With all the conviction I could muster, I shouted "Not her, that one over there", enthusiastically pointing to a woman well into her 80's, shuffling past laden down with two Lidl carrier bags.

Not my proudest moment.


----------



## James (Jul 17, 2006)

I have done the bank note thing only maybe 40 or 50 bucks though. Speaking of banks last September I made espanolita put 500 bucks in her bank account to cover her rent, was dramatic event for her, then left my wallet at the bank and someone grabbed it at the bank machine all my ID etc. Bank machines are evil then we agree on this. I still don't know how I left my wallet there realized like in 5 minutes went back was long gone.


----------



## jasonm (Nov 22, 2003)

Hmmmmm Bond, there is a tricky one....

Being the good Communist you gave it back of course, it would be the teller who got into trouble after all , not the decadent capitalist junta of the banks ruling elite......


----------



## jasonm (Nov 22, 2003)

Dave O said:


> The other day, I glanced out of my office window and saw a fabolous pair of breasts. Working in the motor trade, I commented on this fact to two of my workmates, I forget the exact words I used but it was along the lines of, "good golly chaps, what a fine pair of boobies", (alright, it was actually "f*ck me, look at the t*ts on that c*nt", shaming but like I said, it's the motor trade).
> 
> Anyway, as I was saying this, my eyes carried on up and I realise to my horror, it's one of the lad's sister.* Worse than that, she has a face like a simple horse.* By this time, both lads have shot up to look, and in my desperation, I looked around for anything to get me out of the sh*t.
> 
> ...


Npt many posts make me laugh out loud anymore... That one did... :rofl: :notworthy:


----------



## AbingtonLad (Sep 8, 2008)

I went to my mate's garage and there was a fabulous shiny new motorbike, complete with proud rider sitting astride. I had a good look round it, passing on all the usual compliments about engineering, colour, apparent speediness and so on...

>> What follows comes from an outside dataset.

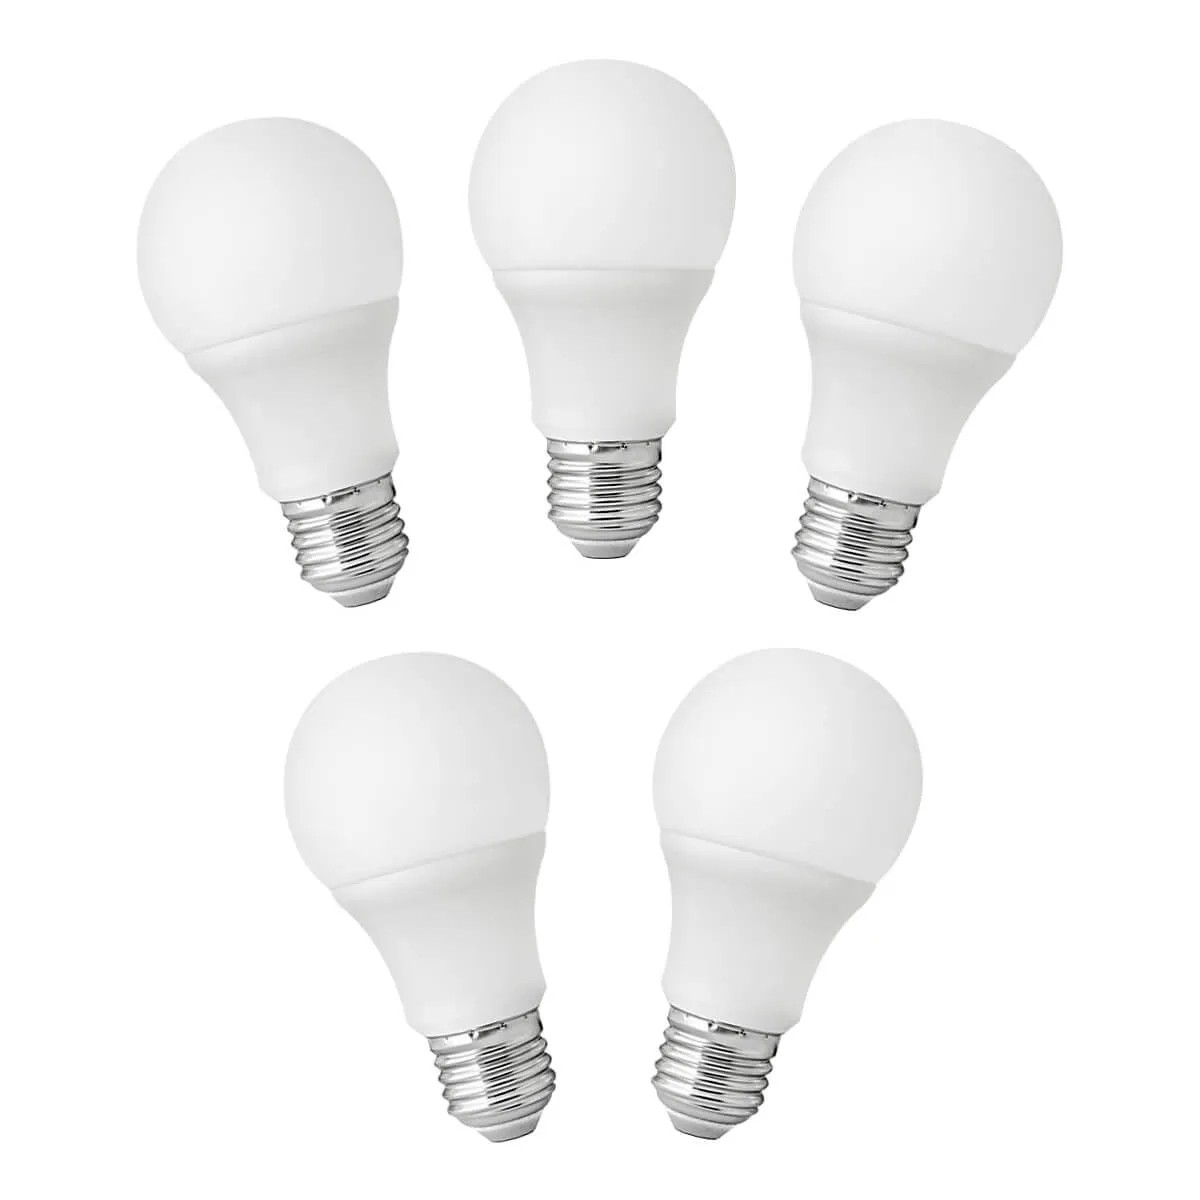 Kit 5 Lâmpadas 9W LED A60

Then I noticed that the rubber tank cover had a logo embossed into it, but it looked like the thing had been painted by hand. Badly. So I said something along the lines of:

"Bloody typical. You pay a fortune for a bike and some idiotic muppet f*cks it up at the last minute with shoddy workmanship. Pathetic!"

That's right. The vast man-mountain who owned the bike lifted his visor very slightly and said "I did that."

Excellent.


----------



## BondandBigM (Apr 4, 2007)

jasonm said:


> Hmmmmm Bond, there is a tricky one....
> 
> Being the good Communist *you gave it back of course*, it would be the teller who got into trouble after all , not the decadent capitalist junta of the banks ruling elite......


Correct 

It would have been a shame to have the Lad who served me put under pressure and the possibility of his future career blighted, even if he did say it was a mistake the suspicion would always have been there regardless so there was no other choice but to go back to the bank and hand back the money. I actually asked to speak to the manager and asked that he shouldn't be to hard on him, everybody makes a genuine mistake now and then. Never did find out what happened but I hope he was ok.

On the other hand my ex wife, who was a money grabbing, tory voting, daily mail reading, head up her own [email protected] snob wanted to keep the money. :lol: :lol:


----------



## sparky the cat (Jan 28, 2009)

BondandBigM said:


> jasonm said:
> 
> 
> > Hmmmmm Bond, there is a tricky one....
> ...


I would guessed that would have been your choice.


----------